Avukat Çiğdem Kozan: İnfaz yakmalar tecritten bağımsız değil
- 09:04 14 Ağustos 2023
- Güncel
Dilan Babat
ANKARA - İnfaz yakmaları değerlendiren Avukat Çiğdem Kozan, cezaevlerinde yaşanılan hukuksuzlukların PKK Lideri Abdullah Öcalan'a yönelik mutlak tecridin yansıması olduğunu söyledi.
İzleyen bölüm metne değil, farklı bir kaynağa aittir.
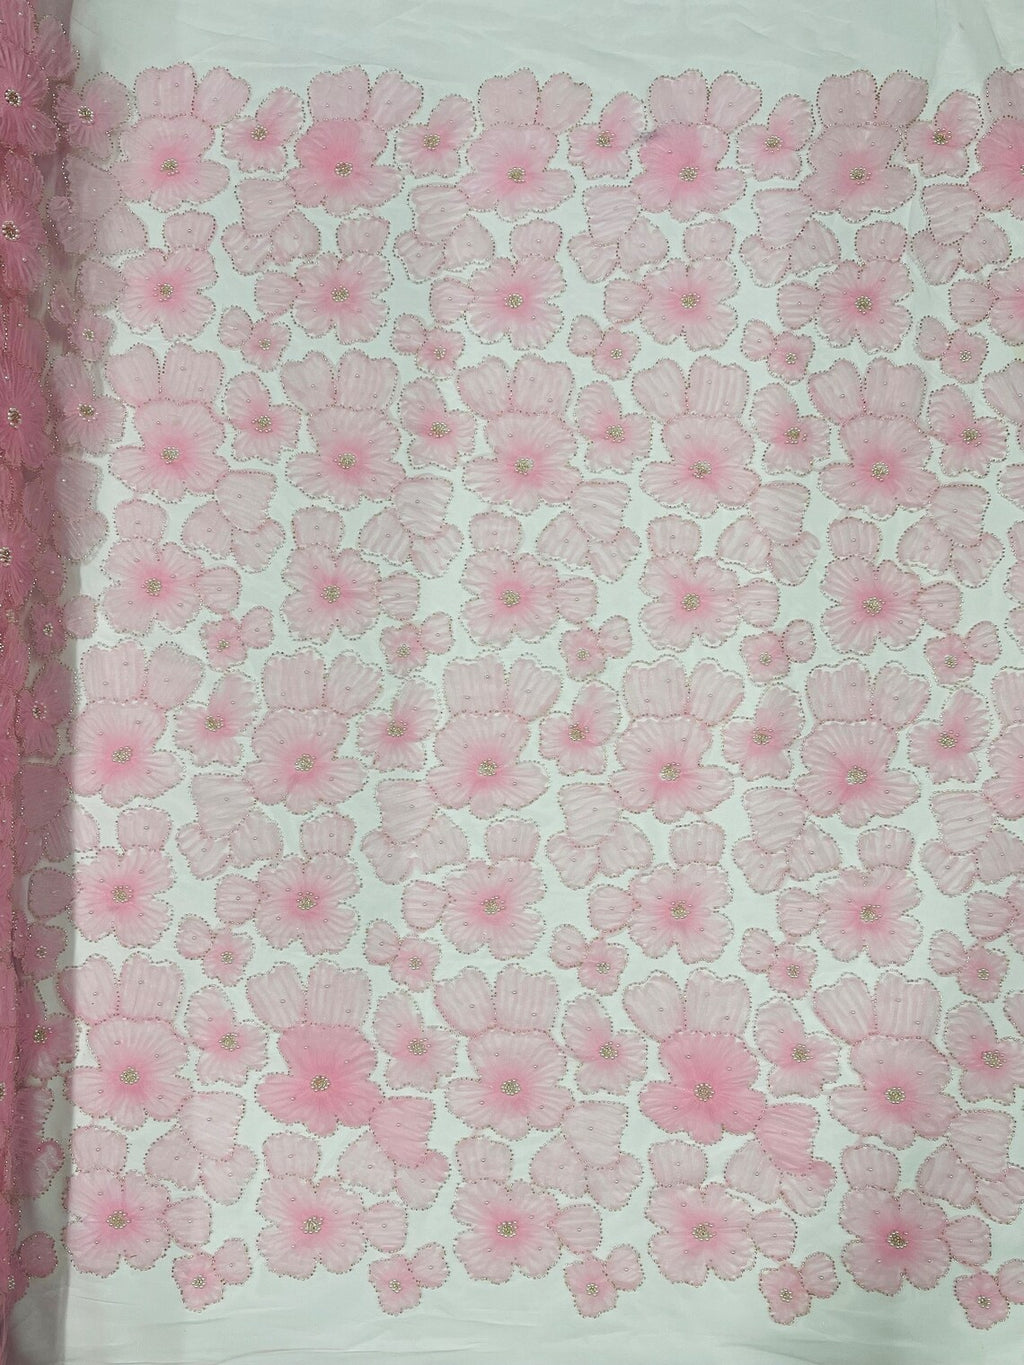 Candy Pink Felt Fabric - by The Yard
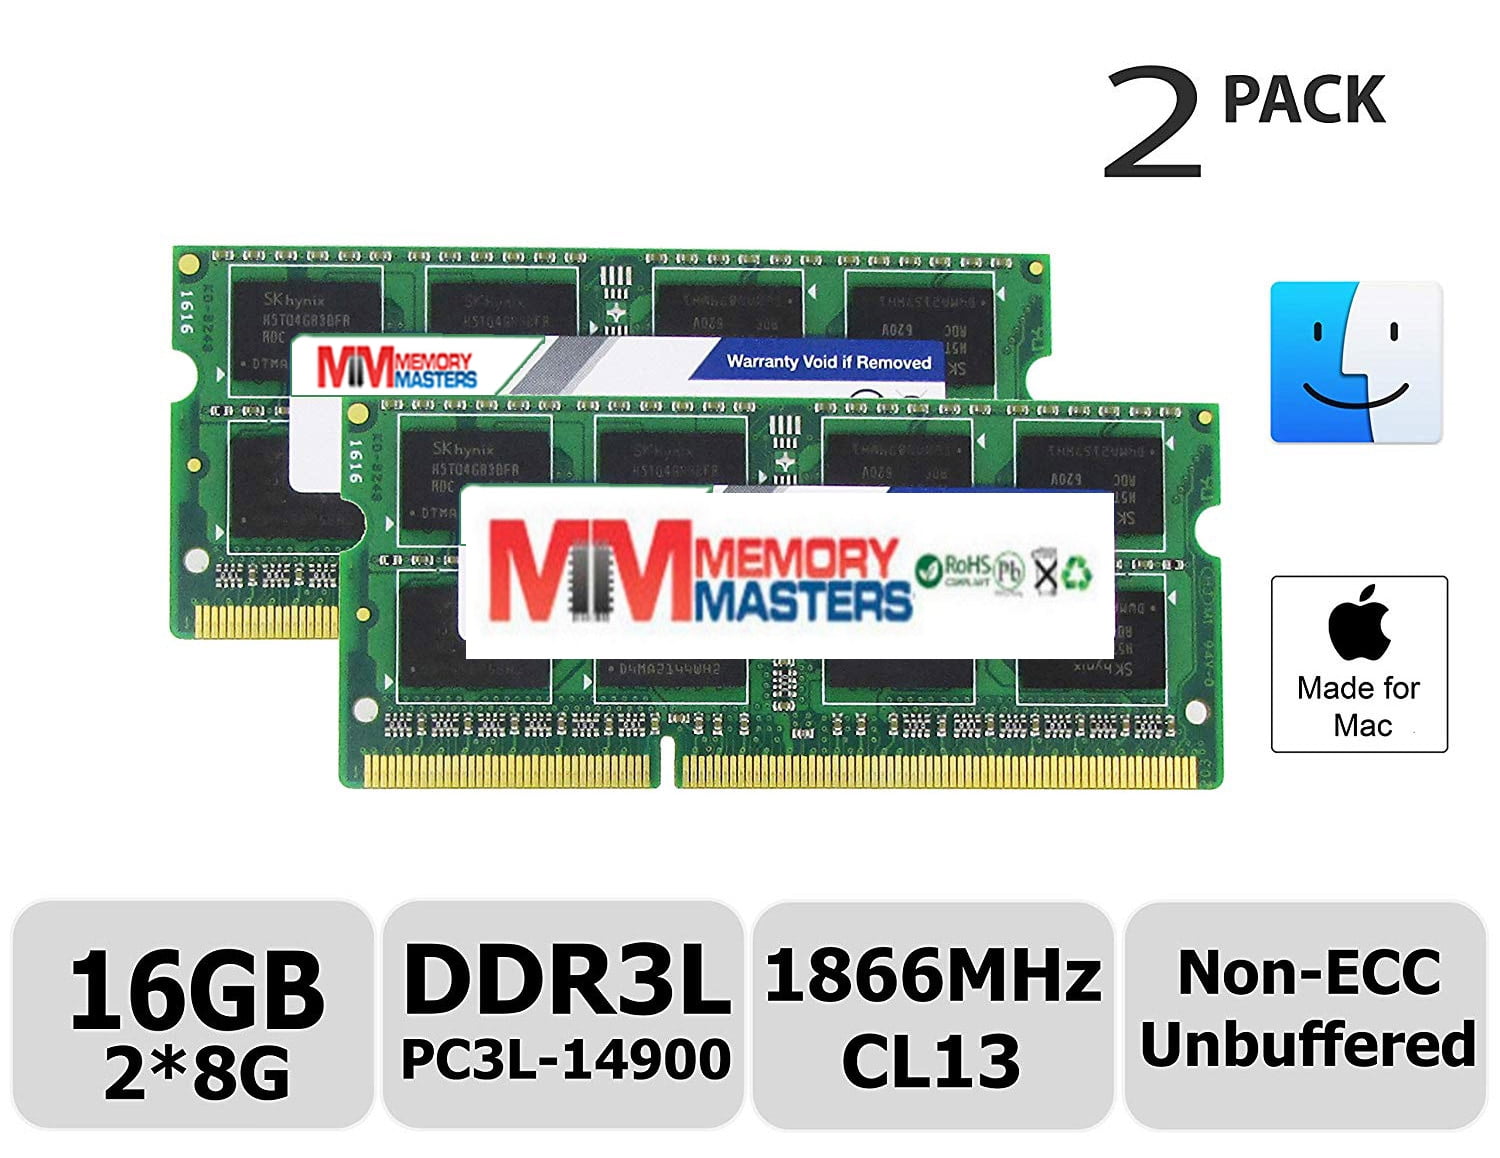 parts-quick 16GB DDR3 Memory for Tyan Computers Motherboard S7040 Server PC3L-12800 1600MHz ECC Registered Low Voltage DIMM

Türkiye cezaevlerinde infazını bitiren onlarca tutsak cezaevi İdare ve Gözlem Kurulu kararları nedeniyle tahliye edilmiyor. Mahkeme gibi hareket eden İdare ve Gözlem Kurulu tutsakların, “pişman olmaması, örgütlü koğuşta kalması ya da disiplin cezalarını” gerekçe göstererek tutsakların infazlarını 3 ya da 6 aya kadar erteleme kararı veriyor. Sincan Kadın Kapalı Cezaevi’nde bulunan 14 kadın tutsak ise İdare ve Gözlem Kurulunun verdiği kararlardan dolayı cezalarını bitirmesine rağmen yıllardır cezaevinde rehin tutuluyor.
Özgürlük İçin Hukukçular Derneği (ÖHD) Genel Merkez Hapishane Komisyon Eş Sözcüsü Avukat Çiğdem Kozan, infaz yakmalara ilişkin değerlendirmelerde bulundu.
‘Hukuki dayanağı yok’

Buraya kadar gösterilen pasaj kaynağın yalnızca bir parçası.